> _Work task_
How do the lines below between the ones holding "Indian School Girl" and "Toulon Sweatshirt Tops", inclusive, read? Give them again exactly, with no other lines.
Start of Records for this task
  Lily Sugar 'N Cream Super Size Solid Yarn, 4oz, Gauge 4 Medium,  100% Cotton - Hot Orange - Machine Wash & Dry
End of Records for this task
Start of Records for this task
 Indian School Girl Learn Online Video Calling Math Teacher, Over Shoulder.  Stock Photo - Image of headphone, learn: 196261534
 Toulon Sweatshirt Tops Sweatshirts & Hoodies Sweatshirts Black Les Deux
End of Records for this task
> _Result of this exercise_
 Indian School Girl Learn Online Video Calling Math Teacher, Over Shoulder.  Stock Photo - Image of headphone, learn: 196261534
 Toulon Sweatshirt Tops Sweatshirts & Hoodies Sweatshirts Black Les Deux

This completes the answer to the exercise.